Exercise aim | Copy the listing in full and exactly, omitting its images.

Source material |
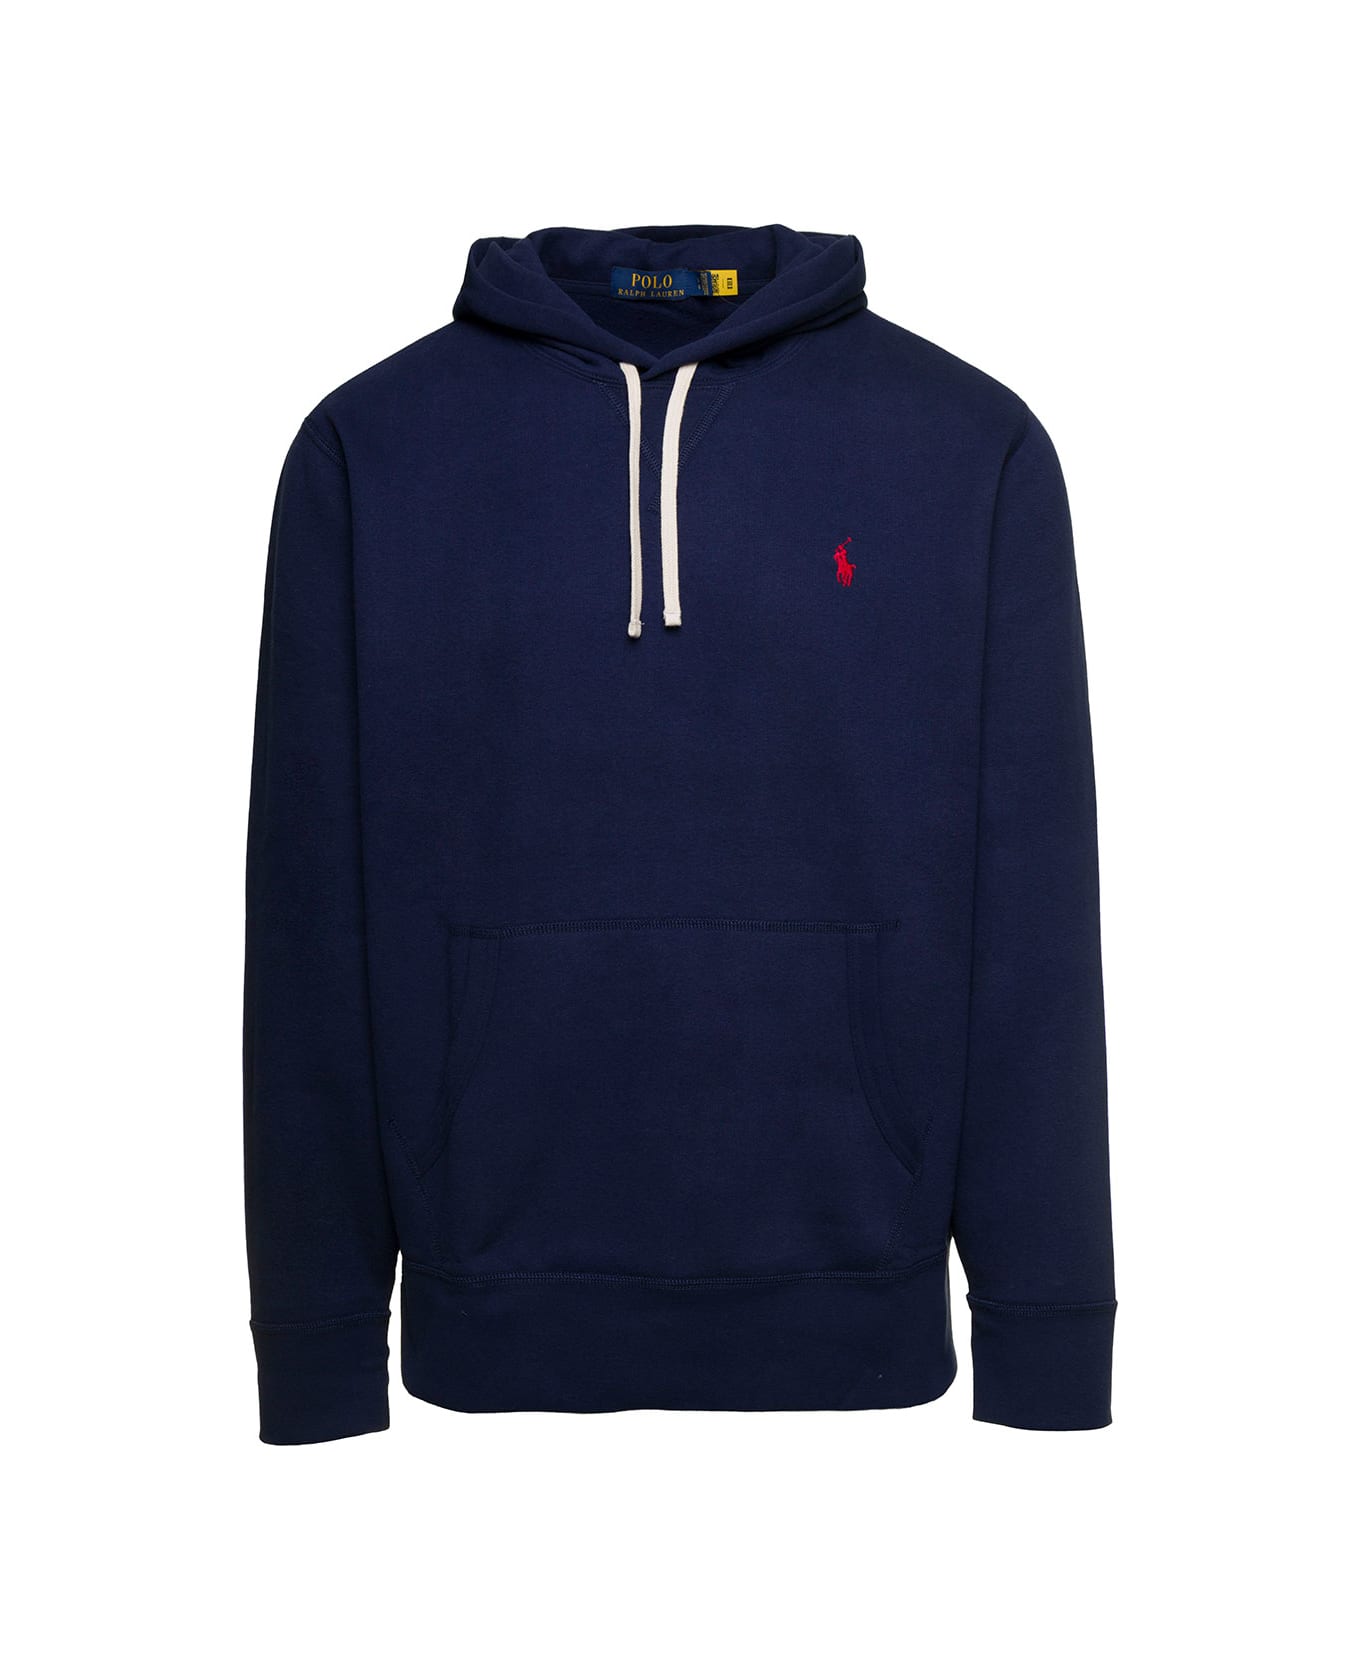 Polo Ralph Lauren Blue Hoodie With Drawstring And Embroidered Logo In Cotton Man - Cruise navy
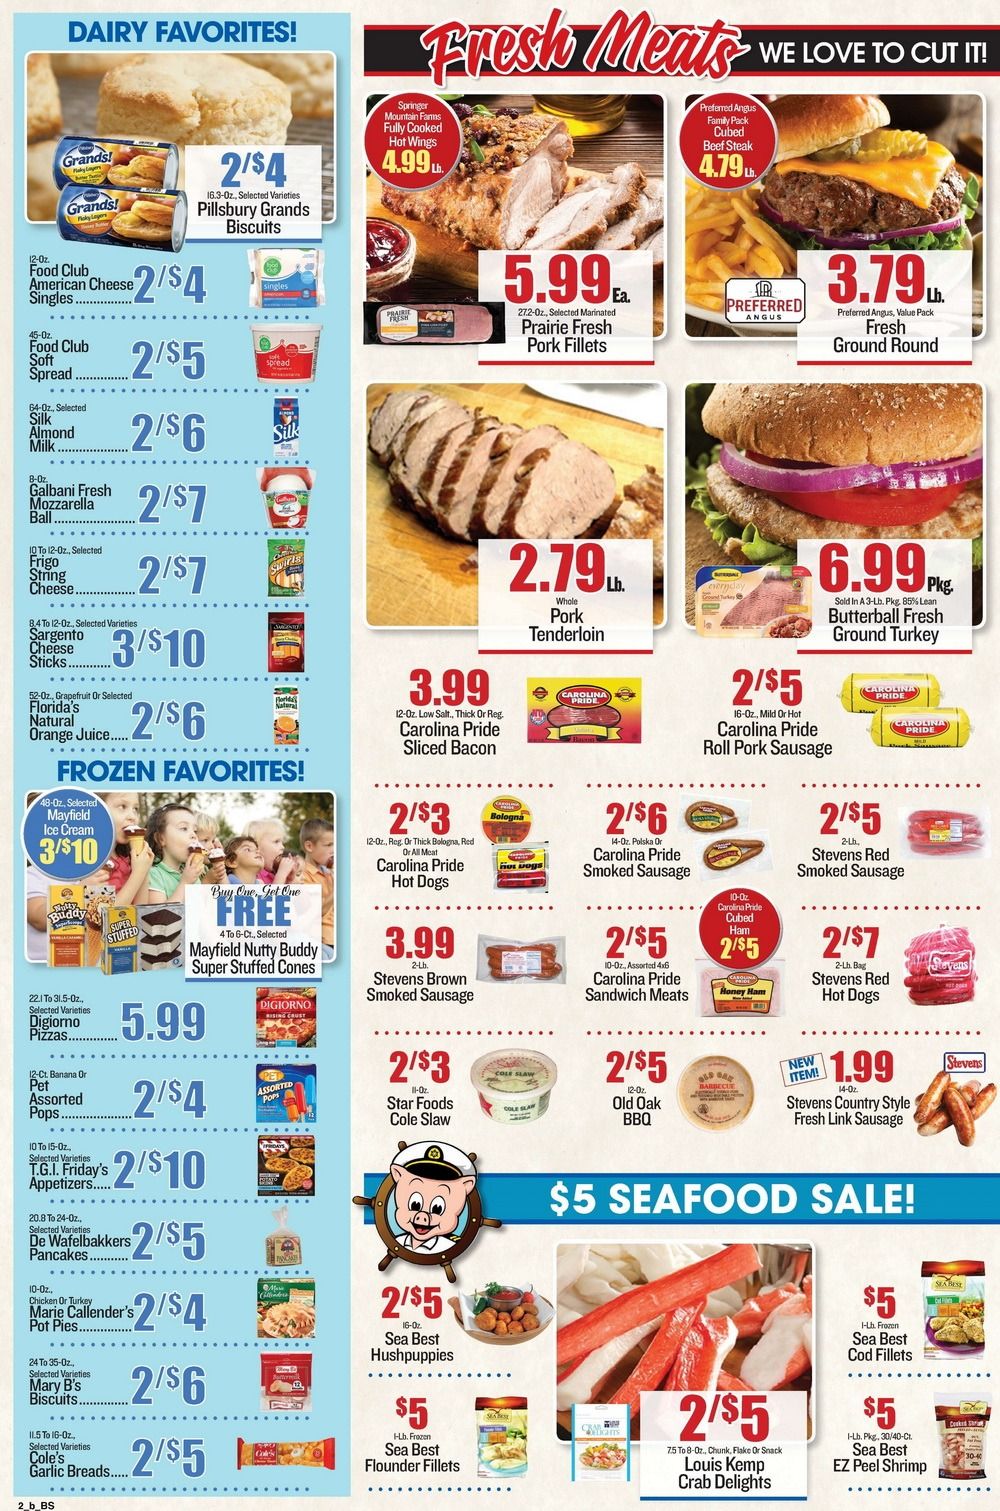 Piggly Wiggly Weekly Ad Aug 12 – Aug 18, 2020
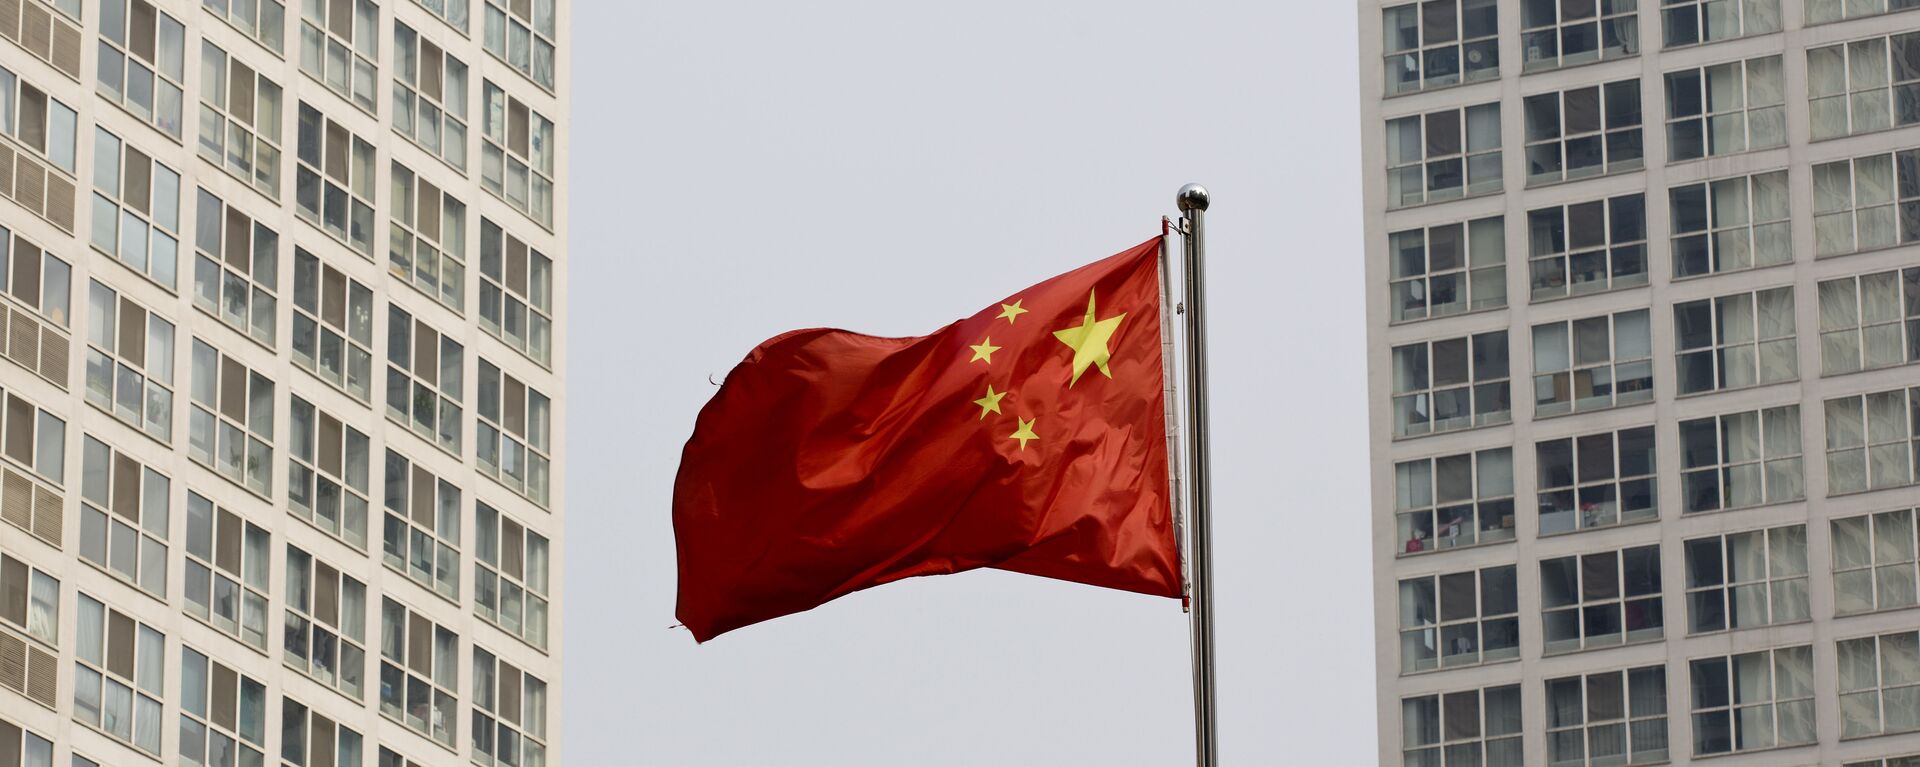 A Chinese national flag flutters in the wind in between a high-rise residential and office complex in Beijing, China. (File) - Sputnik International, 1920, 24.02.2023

Response for this exercise |
 Polo Ralph Lauren Blue Hoodie With Drawstring And Embroidered Logo In Cotton Man - Cruise navy
 Piggly Wiggly Weekly Ad Aug 12 – Aug 18, 2020
 A Chinese national flag flutters in the wind in between a high-rise residential and office complex in Beijing, China. (File) - Sputnik International, 1920, 24.02.2023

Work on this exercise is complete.